Centre for Cancer Genetic Epidemiology, Department of Oncology, University of Cambridge, Cambridge, UK.
BMC Bioinformatics. 2013 Jun 6;14:177. doi: 10.1186/1471-2105-14-177.
The development of genotyping arrays containing hundreds of thousands of rare variants across the genome and advances in high-throughput sequencing technologies have made feasible empirical genetic association studies to search for rare disease susceptibility alleles. As single variant testing is underpowered to detect associations, the development of statistical methods to combine analysis across variants - so-called "burden tests" - is an area of active research interest. We previously developed a method, the admixture maximum likelihood test, to test multiple, common variants for association with a trait of interest. We have extended this method, called the rare admixture maximum likelihood test (RAML), for the analysis of rare variants. In this paper we compare the performance of RAML with six other burden tests designed to test for association of rare variants.
We used simulation testing over a range of scenarios to test the power of RAML compared to the other rare variant association testing methods. These scenarios modelled differences in effect variability, the average direction of effect and the proportion of associated variants. We evaluated the power for all the different scenarios. RAML tended to have the greatest power for most scenarios where the proportion of associated variants was small, whereas SKAT-O performed a little better for the scenarios with a higher proportion of associated variants.

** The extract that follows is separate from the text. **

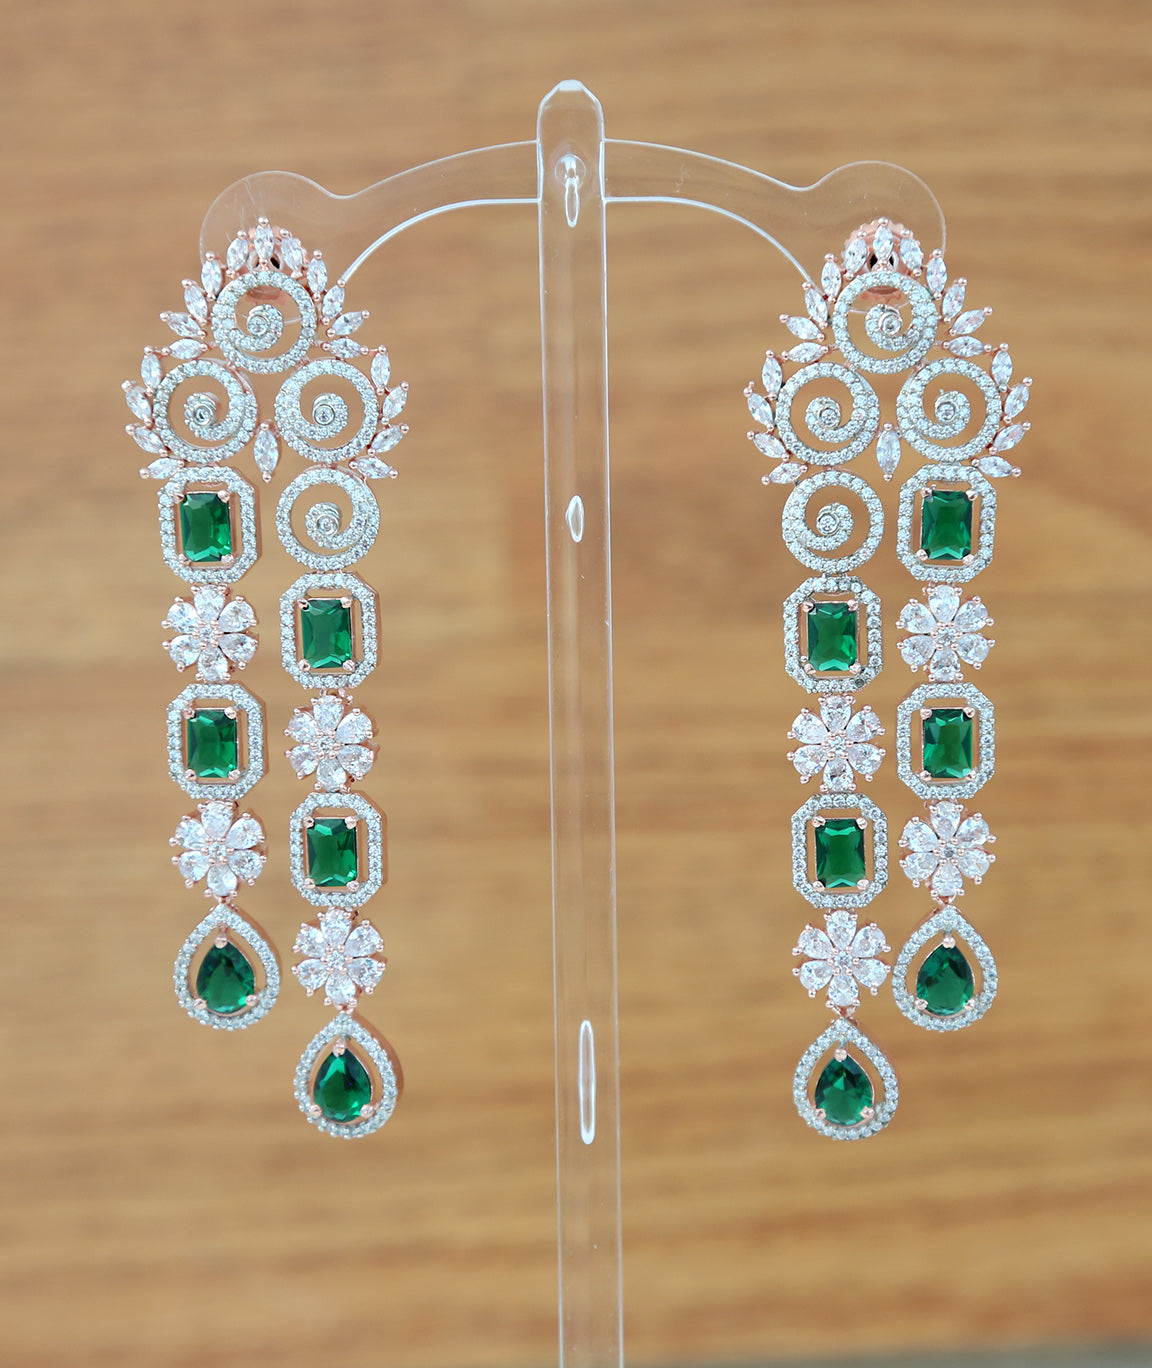 Silver earrings women | AD Floral Drop Dangler Earrings | Swarovski drop and dangle earrings | CZ stones Bollywood earrings online shopping
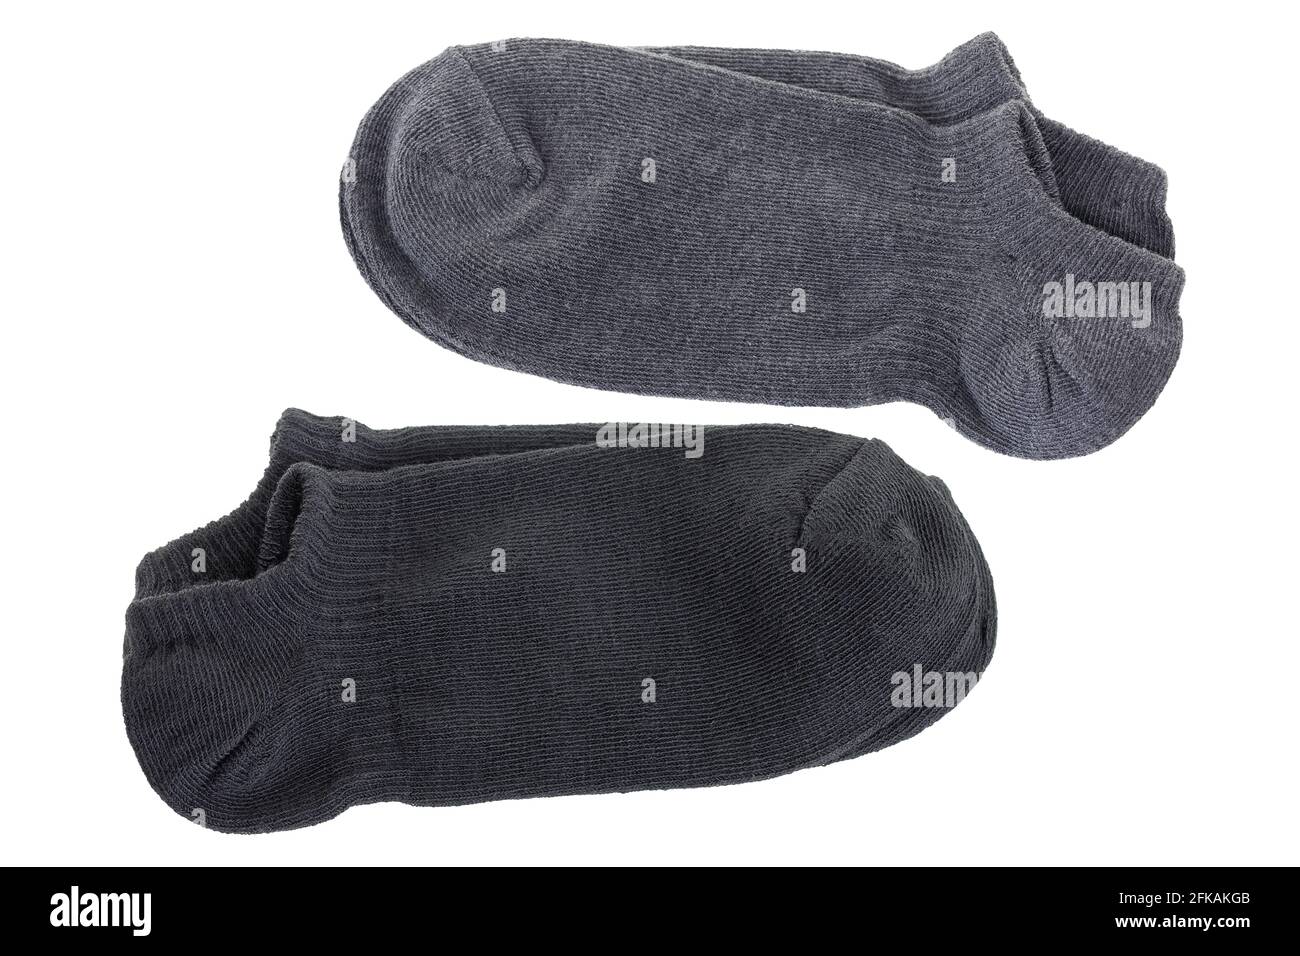 Chaussettes basses à la cheville de couleur simple. Chaussettes douces et confortables en gris noir isolées sur fond blanc. Banque D'Images

The RAML method makes no assumptions about the proportion of variants that are associated with the phenotype of interest or the magnitude and direction of their effect. The method is flexible and can be applied to both dichotomous and quantitative traits and allows for the inclusion of covariates in the underlying regression model. The RAML method performed well compared to the other methods over a wide range of scenarios. Generally power was moderate in most of the scenarios, underlying the need for large sample sizes in any form of association testing.
基因组中包含数十万种罕见变异的基因分型阵列的发展和高通量测序技术的进步,使得对罕见疾病易感等位基因进行实证遗传关联研究成为可能。由于单变异测试不足以检测关联,因此开发了一种统计方法来组合跨变异的分析——所谓的“负担测试”——这是一个活跃的研究兴趣领域。我们之前开发了一种方法,即混合最大似然检验,用于检测与感兴趣的性状相关的多个常见变体的关联。我们已经扩展了这种方法,称为罕见混合最大似然检验(RAML),用于分析罕见变体。在本文中,我们将 RAML 的性能与其他六种旨在测试罕见变体关联的负担测试方法进行了比较。
我们在一系列场景中进行了模拟测试,以测试 RAML 与其他罕见变体关联测试方法相比的功效。这些场景模拟了效应变异性、平均效应方向和相关变体比例的差异。我们评估了所有不同场景的功效。对于关联变体比例较小的大多数场景,RAML 往往具有最大的功效,而对于关联变体比例较高的场景,SKAT-O 的表现稍好。
RAML 方法对与感兴趣表型相关的变体比例或其效应的大小和方向没有任何假设。该方法具有灵活性,可应用于二项和定量性状,并允许在基础回归模型中包含协变量。在广泛的场景中,RAML 方法与其他方法相比表现良好。一般来说,在大多数情况下,功效适中,这表明在任何形式的关联测试中都需要大的样本量。